Several excellent comments came in regarding the Facebook series. I will share them with readers during the course of this week and next. This is the third of several posts:
Mike Hart CXO started out with encouraging words:
“Full disclosure, I’m not a Zayo employee nor a telecomm guy, just someone who reads Dan’s blog for kicks. And I happen to personally know him too. I’m completely on board with social media and my own digital footprint is growing. In its present form I think the use of Facebook as a company tool is a slippery slope. That is unless you want everyone to know everything about you, which few people do. Do you really want to see the banter from my 16-year old niece and her friends? No, even I don’t most of the time, but I want to stay connected with her just the same. As Facebook improves its functionality (i.e. being able to set up a group of people who can view only specific posts) it’s functional usage may also improve, but as Alfred E Einstein notes above, it needs to be organic and shouldn’t be forced.”
But then Mike put a little chill in me:
“Ponder the possibility that one day Zayo will become a public company. Can you imagine the implication for SEC disclosures in public documents given the existence of a “public” Zayo group on Facebook? At the moment I can’t either, but some court case is bound to test it. Or, from an HR perspective when an employee posts a comment to the wall of another employee who takes offense. How would that be handled? For confidential discussion groups within a company there are many ways to handle this electronically without Facebook.”
Your points are valid Mike. Even bearonbusiness will be impacted if Zayo was to go public.
Mike, I don’t believe the bantering-teenager scenario presents itself given the parameters stated in Dan’s fb post. There appear to be misconceptions as to how groups, pages, networks, and privacy controls are implemented on fb. I believe that Dan is implementing a private group, not a group that’s open for public viewing.

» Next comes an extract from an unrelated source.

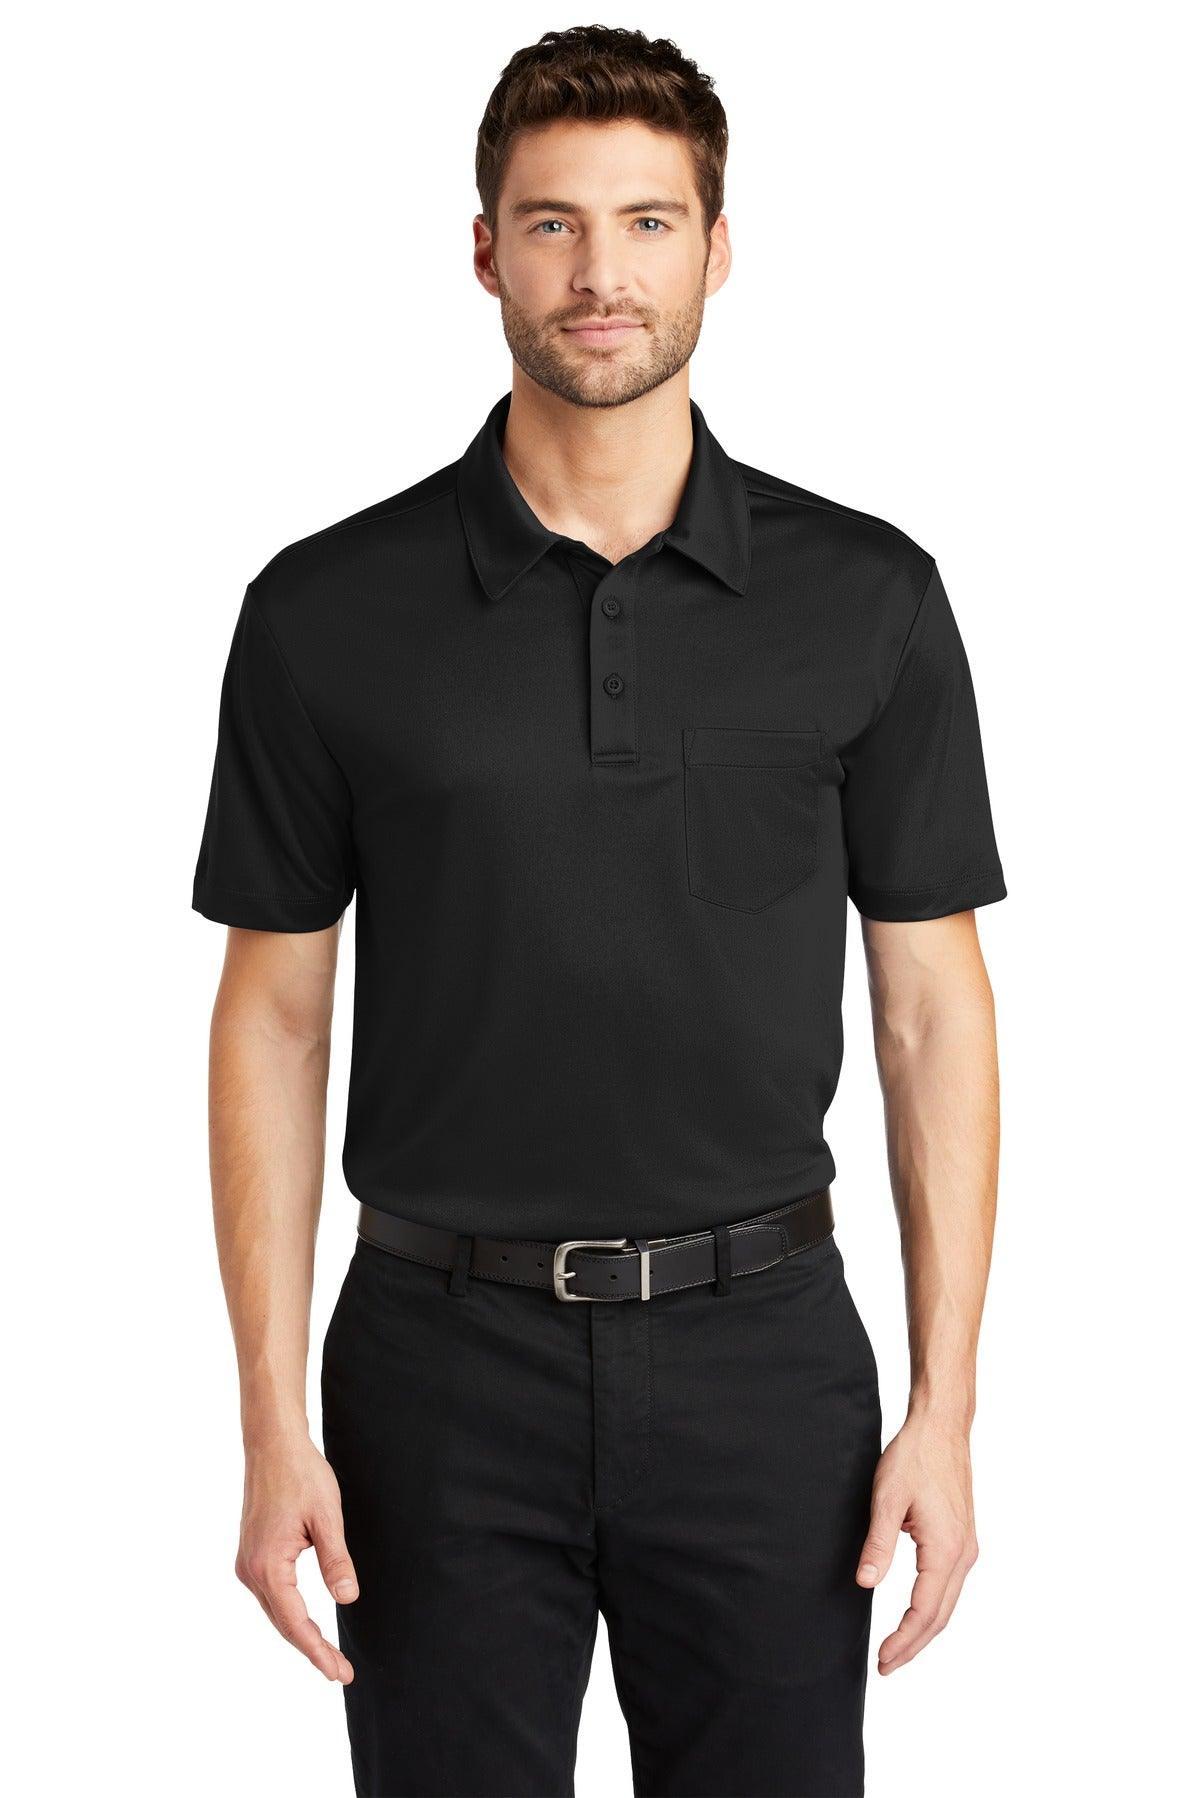 Port Authority Silk Touch Performance Pocket Polo. K540P - Dresses Max

Basically, he’s carving out a corporate website using fb as the hosting service.
As opposed to hosting a SharePoint site on a corporate server, Dan is leveraging Facebook.com services in the cloud in the same manner as using services hosted by SalesForce.com, or Google.com/apps.
“Organic,” vs “Forced” — I’m “forced” — I’m currently on contract with a large international corporation which has implemented fb-type services on their corporate website. I’m required to enter in this information (Quoting from Dan’s post) — “name, photo, work location, job title, job description, and a little about your career background. Any additional information is 100% optional.”
Several members of the executive team have blogs on this site….but they don’t announce forward-looking statements from their blogs
…in regards to the SEC concern.
Dan’s not asking Zayo employees to do anything different than most of corporate America already tells us to do. I believe that he just wants to use facebook because its less expensive then implementing and hosting the same services in house.
(As a side note Dan, for the few folks who do not want to expose their professional profile information, to their personal network of fb connections, you may consider establishing a Zayo ‘network’, in addition to the group. This enables additional privacy controls, and the need for some staff to setup a Zayo-only persona account on fb could be avoided).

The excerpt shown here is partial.